Preparation of binary BLAST+ databases

A binary BLAST database is a collection of multiple files (.nhr, .nin and .nsq files for nucleotide databases). They must be created from a fasta file in a terminal, using the BLAST+ toolkit, available from NCBI (PubMed citation). The legacy BLAST toolkit can be used to achieve the same goal, though the command line syntax differs.

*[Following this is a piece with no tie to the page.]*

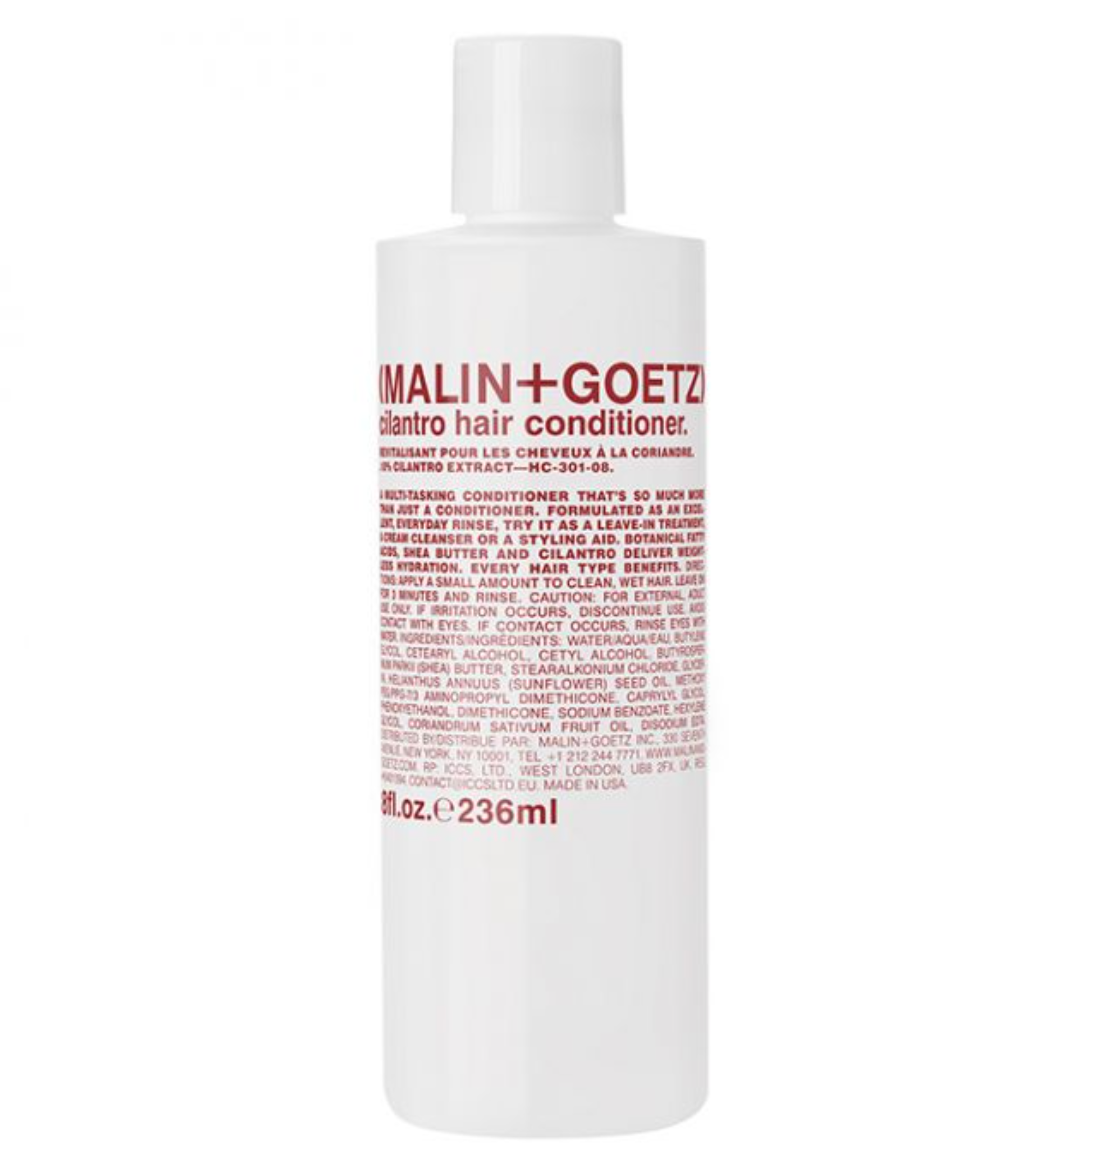 cilantro hair conditioner.:Malin+Goetz:

For the link-to-sequences mode of blast_link, creation of the binary databases is slightly more onerous than usual, because the sequence identifiers need to be indexed by blast+. In order to be indexed, two conditions must be me:

  1. Each sequence identifier in the fasta file must conform to the NCBI naming standards.
  2. When issuing the makeblastdb command using the fasta file, the -parse_seqids flag must be used.

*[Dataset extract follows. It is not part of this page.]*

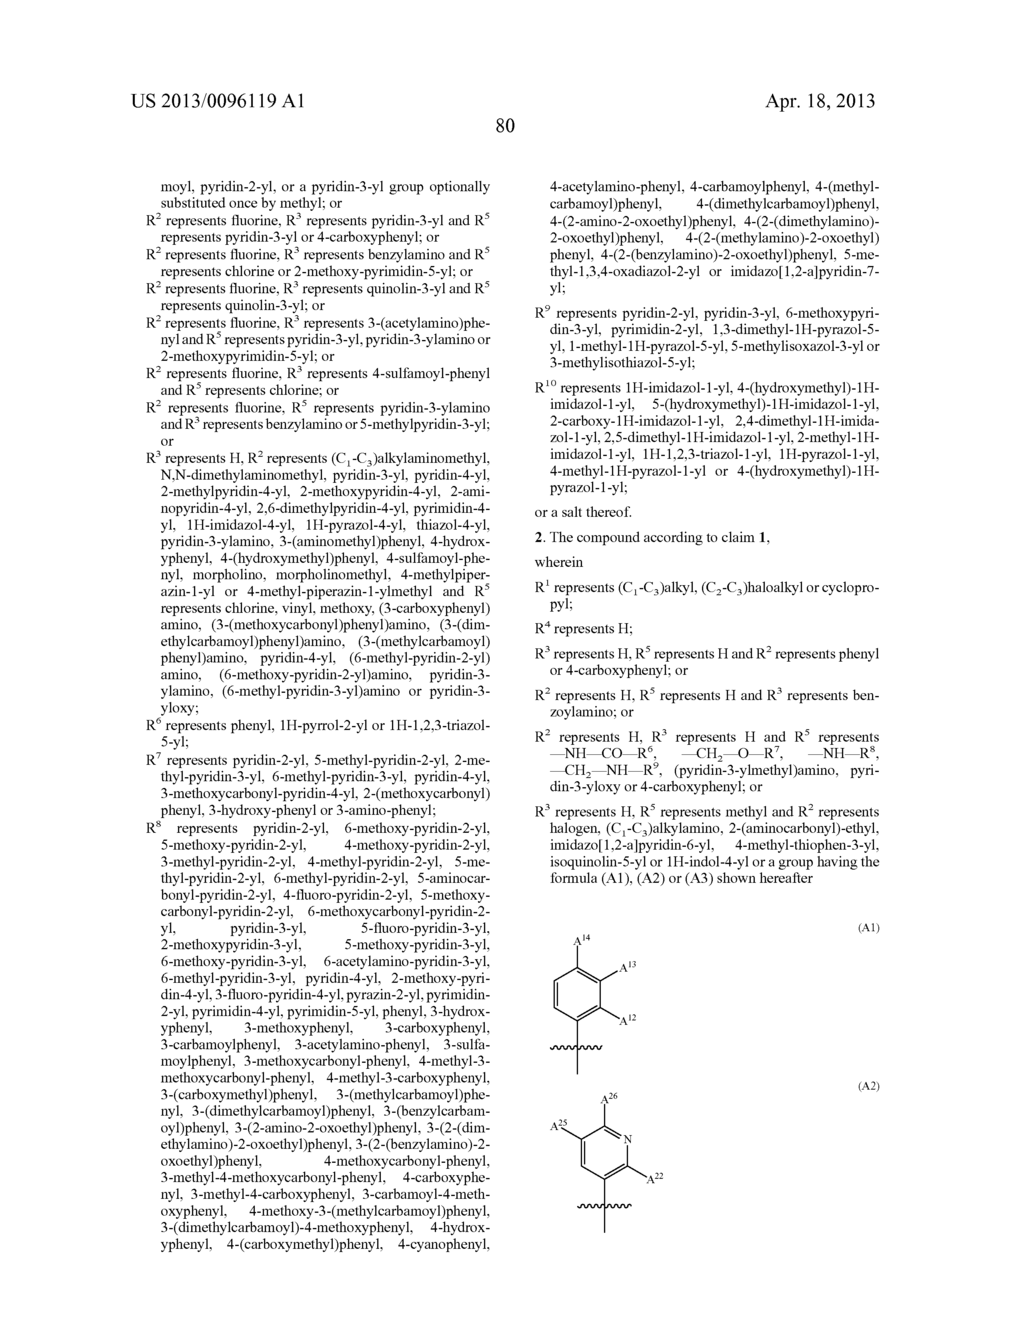 Isoquinolin-3-Ylurea Derivatives - diagram, schematic, and image 81

The simplest way to make the fasta file conform to the standard is to prepend 'gnl|blast|' before each sequence identifier. You might do this in a text editor by doing a find and replace of '>' for '>gnl|blast|' but you have to watch out there are no other '>' characters not at the start of the identifier line. The same task can also be achieved by using sed, a command line tool that comes by default with OSX and Linux:

$ sed -e 's/^>/>gnl|blast|/' -e 's/,/_/g' mysequences.fasta >mysequences.ncbi_standard_ids.fasta

Note that all commas were replaced with underscores as well. Then all that remains is to create the binary BLAST database using the -parse_seqids flag. For instance, if mysequences.ncbi_standard_ids.fasta is a fasta file of nucleotide sequences,

$ makeblastdb -in mysequences.ncbi_standard_ids.fasta -dbtype nucl -parse_seqids
Building a new DB, current time: 09/23/2010 14:12:18
New DB name:   mysequences.ncbi_standard_ids.fasta
New DB title:  mysequences.ncbi_standard_ids.fasta
Sequence type: Nucleotide
Keep Linkouts: T
Keep MBits: T
Maximum file size: 1073741824B
Adding sequences from FASTA; added 1620 sequences in 0.207906 seconds.

Then the name of the database to specify in blast.rc and blast.html will be 'mysequences.ncbi_standard_ids.fasta'.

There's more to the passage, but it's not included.